Anyway, you can try some of the suggestions above but I took a shot at your model. I have modified your code slightly so that simulated CoV variables also come from a distribution that looks like your model. Moreover I also modified the prior for the means making it lognormal (assuming it is always positive), then it can be expressed with a more natural scale and you won’t need the abs() for group_mean*group_CoV. Moreover, I have also added an extra parameter cov_sigma.
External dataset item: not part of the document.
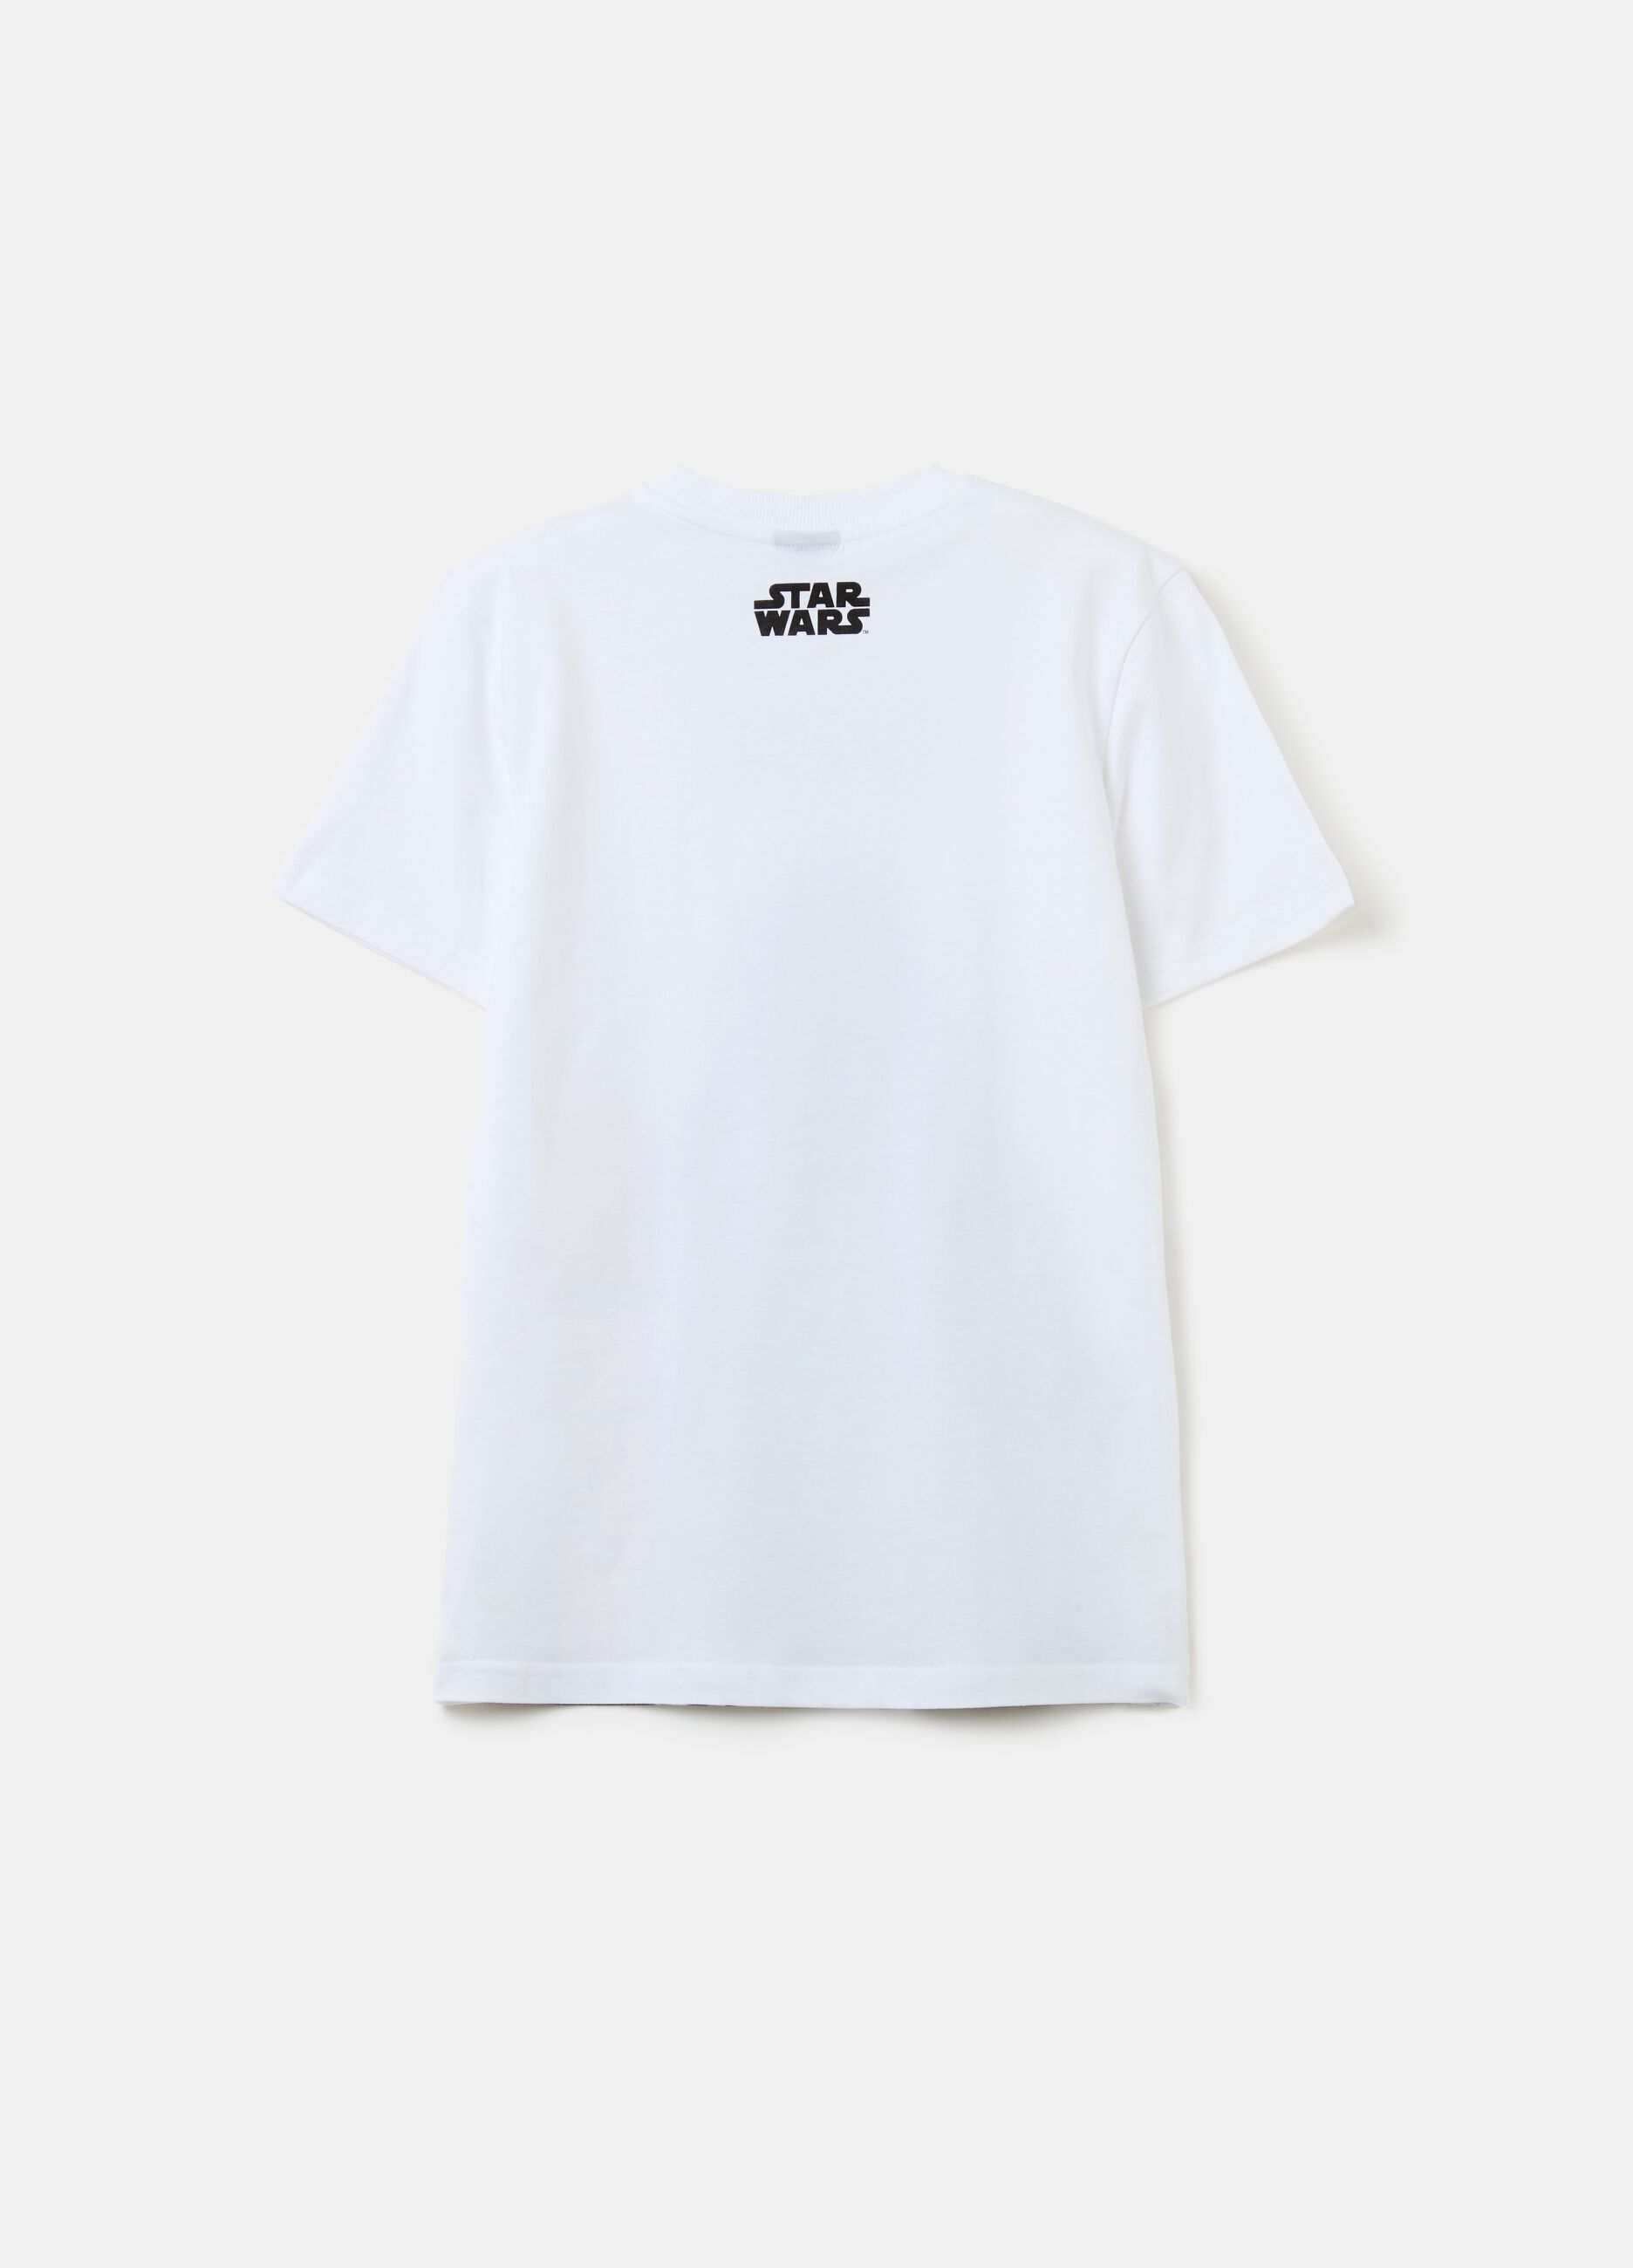 T-shirt in cotone con stampa Darth Vader

The model is here
import numpy as np
import pymc as pm
import arviz as az
seed=10
rng = np.random.default_rng(seed)
cov_sigma_real = 1
cov_mu_real = 0.05
means_real = [20, 150, 78, 65]
CoVs = rng.lognormal(np.log(cov_mu_real), cov_sigma_real, size=4)
samples = 50
group_vals = np.zeros((samples, len(means_real)))
group_labels = np.zeros((samples, len(means_real)), dtype=int)
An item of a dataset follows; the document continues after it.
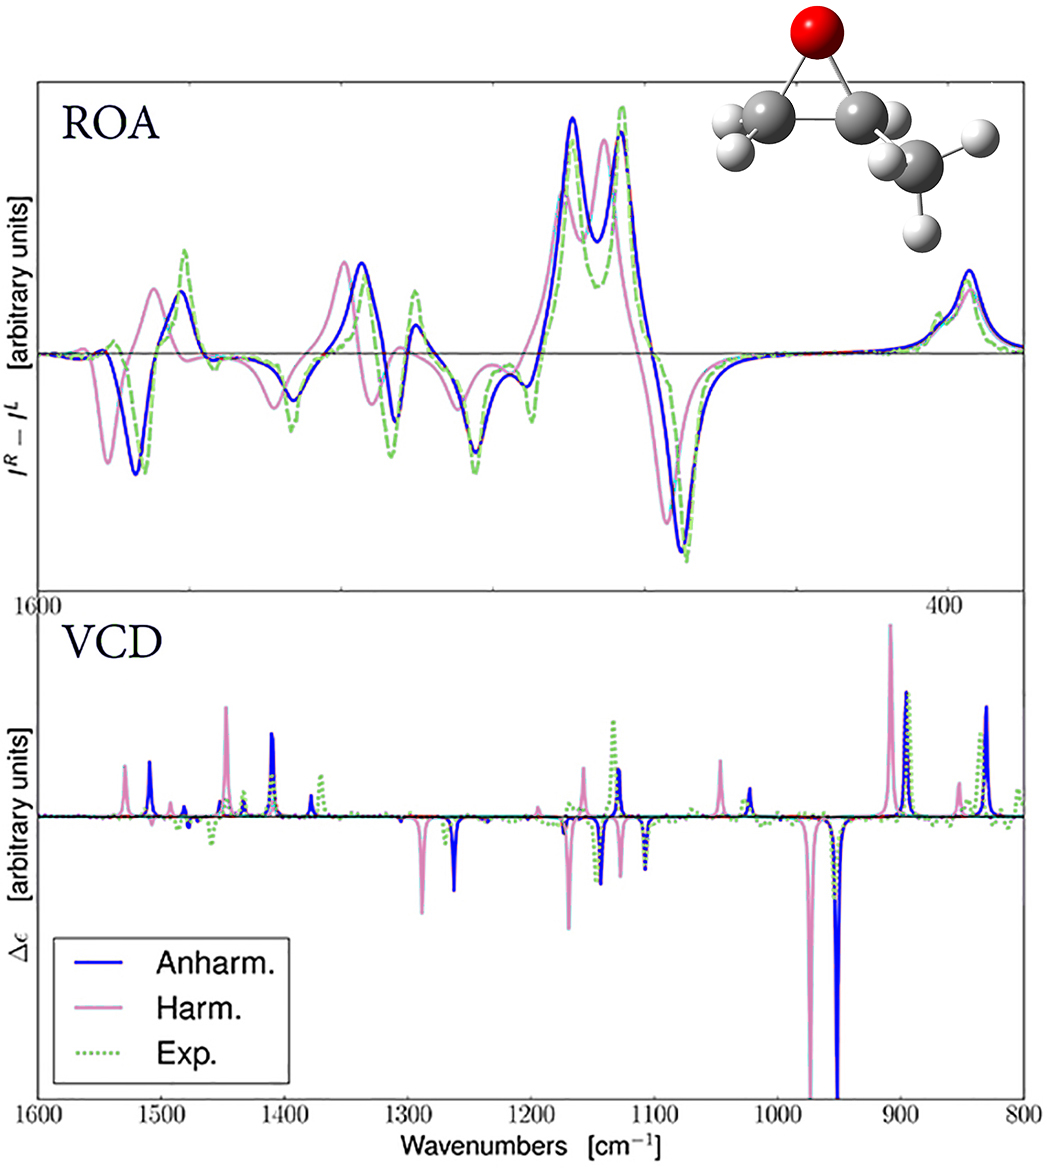 methyloxirane_VCD and ROA

group = group_labels.T.flatten()
val = group_vals.T.flatten()
coords = {"groups": [0,1,2,3]}
with pm.Model(coords=coords) as HCoV_model:
group_idx = pm.MutableData("group_idx", group, dims='obs_id')
cov_sigma = pm.Exponential("cov_sigma", 1)
CoV_global = pm.LogNormal("global_CoV", mu=-3.0, sigma=1)
group_CoV = pm.LogNormal("group_CoV", mu=np.log(CoV_global),
sigma=cov_sigma,
dims="groups")
group_mean = pm.LogNormal("group_mean", mu=np.log(80), sigma=2, dims="groups")
sigma = pm.Deterministic("sigma", group_mean*group_CoV)
y_obs = group_mean[group_idx]
sigma_obs = sigma[group_idx]
y = pm.Normal("y", mu=y_obs, sigma=sigma_obs, observed=val, dims="obs_id")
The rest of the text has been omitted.